:: Task goal ::
Restate word for word the lines in the listing below, starting at the line containing "Cornhole Board Storage/Carrying case" and ending at the line containing "Ninja Guy - wallpaper 3", both included; leave out the rest.

:: Data shown ::
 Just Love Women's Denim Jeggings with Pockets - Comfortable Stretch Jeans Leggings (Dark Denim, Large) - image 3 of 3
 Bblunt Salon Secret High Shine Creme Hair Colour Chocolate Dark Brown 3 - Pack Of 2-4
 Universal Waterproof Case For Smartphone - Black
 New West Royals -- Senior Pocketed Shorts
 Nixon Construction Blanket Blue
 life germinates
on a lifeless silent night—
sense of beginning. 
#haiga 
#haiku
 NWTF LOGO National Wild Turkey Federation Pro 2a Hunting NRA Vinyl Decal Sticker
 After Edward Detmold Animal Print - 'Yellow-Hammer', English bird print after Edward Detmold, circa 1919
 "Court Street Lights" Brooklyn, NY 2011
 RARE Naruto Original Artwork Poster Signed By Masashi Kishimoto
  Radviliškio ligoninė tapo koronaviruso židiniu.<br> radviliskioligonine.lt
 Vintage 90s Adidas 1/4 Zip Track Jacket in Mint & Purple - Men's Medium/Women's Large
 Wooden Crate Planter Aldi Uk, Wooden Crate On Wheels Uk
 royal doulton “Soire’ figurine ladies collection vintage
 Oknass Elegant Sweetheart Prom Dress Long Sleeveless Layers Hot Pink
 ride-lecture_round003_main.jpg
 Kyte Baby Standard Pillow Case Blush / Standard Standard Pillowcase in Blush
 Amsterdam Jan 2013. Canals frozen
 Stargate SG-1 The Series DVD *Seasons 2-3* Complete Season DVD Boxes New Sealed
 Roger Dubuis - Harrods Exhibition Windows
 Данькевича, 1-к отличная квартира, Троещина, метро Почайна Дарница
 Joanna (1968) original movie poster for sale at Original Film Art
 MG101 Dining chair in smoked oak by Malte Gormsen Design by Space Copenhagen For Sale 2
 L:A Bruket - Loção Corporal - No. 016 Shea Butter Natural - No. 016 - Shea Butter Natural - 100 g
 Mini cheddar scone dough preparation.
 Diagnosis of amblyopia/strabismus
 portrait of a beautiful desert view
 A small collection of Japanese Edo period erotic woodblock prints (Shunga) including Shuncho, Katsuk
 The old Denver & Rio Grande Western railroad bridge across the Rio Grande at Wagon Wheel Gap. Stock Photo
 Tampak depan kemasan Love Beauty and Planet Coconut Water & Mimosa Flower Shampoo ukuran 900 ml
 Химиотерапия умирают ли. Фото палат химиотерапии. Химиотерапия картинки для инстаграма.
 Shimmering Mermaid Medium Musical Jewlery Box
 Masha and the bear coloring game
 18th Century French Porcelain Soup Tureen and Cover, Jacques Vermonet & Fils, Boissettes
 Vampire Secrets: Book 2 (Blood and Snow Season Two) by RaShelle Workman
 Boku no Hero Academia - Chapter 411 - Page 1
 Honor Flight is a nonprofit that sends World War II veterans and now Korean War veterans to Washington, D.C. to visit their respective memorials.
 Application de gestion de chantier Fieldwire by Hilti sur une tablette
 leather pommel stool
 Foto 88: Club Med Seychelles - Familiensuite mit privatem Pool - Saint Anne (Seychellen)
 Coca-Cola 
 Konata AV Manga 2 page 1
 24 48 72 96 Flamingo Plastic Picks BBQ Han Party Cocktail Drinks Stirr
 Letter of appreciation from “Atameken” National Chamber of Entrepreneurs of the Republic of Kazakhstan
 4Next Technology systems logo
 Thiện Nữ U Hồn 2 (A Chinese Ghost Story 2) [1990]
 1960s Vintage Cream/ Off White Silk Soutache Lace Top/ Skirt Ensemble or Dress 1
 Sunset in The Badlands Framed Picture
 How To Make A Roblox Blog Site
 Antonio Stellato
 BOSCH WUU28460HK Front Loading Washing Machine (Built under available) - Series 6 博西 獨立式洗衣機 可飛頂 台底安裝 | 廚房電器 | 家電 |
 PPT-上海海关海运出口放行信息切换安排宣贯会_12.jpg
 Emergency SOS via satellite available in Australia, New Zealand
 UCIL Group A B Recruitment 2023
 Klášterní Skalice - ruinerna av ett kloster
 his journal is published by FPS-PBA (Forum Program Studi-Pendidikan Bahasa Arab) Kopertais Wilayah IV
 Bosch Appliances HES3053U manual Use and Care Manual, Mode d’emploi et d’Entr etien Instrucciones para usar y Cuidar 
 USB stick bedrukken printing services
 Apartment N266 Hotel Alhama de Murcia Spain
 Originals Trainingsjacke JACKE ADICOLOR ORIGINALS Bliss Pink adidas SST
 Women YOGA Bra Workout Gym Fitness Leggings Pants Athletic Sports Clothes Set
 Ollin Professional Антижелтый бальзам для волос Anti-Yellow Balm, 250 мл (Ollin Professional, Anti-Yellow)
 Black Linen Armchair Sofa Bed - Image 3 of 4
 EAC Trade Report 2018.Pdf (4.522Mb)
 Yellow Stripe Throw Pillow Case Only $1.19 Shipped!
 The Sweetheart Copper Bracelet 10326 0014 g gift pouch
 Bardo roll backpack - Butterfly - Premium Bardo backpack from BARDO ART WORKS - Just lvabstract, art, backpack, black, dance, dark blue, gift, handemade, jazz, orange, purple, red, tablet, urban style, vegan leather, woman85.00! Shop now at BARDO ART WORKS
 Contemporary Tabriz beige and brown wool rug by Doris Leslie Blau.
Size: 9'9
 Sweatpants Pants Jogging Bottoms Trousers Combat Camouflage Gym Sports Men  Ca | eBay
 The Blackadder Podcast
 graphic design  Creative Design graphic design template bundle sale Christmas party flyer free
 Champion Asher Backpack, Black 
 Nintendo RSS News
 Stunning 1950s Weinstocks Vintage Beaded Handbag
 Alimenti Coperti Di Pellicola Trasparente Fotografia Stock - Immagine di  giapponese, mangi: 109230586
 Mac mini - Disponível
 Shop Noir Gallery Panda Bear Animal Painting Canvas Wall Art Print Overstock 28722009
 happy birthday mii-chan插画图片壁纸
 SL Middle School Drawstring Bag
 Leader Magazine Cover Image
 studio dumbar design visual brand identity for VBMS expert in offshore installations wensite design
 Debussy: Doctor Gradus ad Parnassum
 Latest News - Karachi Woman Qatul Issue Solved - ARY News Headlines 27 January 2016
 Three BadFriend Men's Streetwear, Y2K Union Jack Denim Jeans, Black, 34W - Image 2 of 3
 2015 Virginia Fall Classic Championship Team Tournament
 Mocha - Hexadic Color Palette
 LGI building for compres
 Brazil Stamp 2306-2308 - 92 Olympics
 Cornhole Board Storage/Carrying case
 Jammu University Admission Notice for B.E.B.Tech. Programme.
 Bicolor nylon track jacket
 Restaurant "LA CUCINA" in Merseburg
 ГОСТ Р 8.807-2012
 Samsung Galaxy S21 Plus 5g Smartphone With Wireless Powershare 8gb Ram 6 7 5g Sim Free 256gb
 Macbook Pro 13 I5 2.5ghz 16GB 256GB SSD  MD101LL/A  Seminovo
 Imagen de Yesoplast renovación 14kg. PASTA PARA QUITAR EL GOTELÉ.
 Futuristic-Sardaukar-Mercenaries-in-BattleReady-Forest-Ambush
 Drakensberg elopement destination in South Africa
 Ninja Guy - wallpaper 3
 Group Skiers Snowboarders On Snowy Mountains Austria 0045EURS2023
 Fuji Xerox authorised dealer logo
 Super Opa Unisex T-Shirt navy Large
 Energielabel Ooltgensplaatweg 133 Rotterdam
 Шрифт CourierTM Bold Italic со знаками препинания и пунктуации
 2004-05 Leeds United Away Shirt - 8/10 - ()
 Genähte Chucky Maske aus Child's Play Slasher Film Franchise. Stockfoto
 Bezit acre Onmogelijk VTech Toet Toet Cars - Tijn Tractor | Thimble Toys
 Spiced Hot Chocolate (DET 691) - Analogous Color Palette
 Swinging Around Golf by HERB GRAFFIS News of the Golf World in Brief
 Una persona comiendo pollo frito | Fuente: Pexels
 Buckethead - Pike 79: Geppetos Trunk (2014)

:: Exercise result ::
 Cornhole Board Storage/Carrying case
 Jammu University Admission Notice for B.E.B.Tech. Programme.
 Bicolor nylon track jacket
 Restaurant "LA CUCINA" in Merseburg
 ГОСТ Р 8.807-2012
 Samsung Galaxy S21 Plus 5g Smartphone With Wireless Powershare 8gb Ram 6 7 5g Sim Free 256gb
 Macbook Pro 13 I5 2.5ghz 16GB 256GB SSD  MD101LL/A  Seminovo
 Imagen de Yesoplast renovación 14kg. PASTA PARA QUITAR EL GOTELÉ.
 Futuristic-Sardaukar-Mercenaries-in-BattleReady-Forest-Ambush
 Drakensberg elopement destination in South Africa
 Ninja Guy - wallpaper 3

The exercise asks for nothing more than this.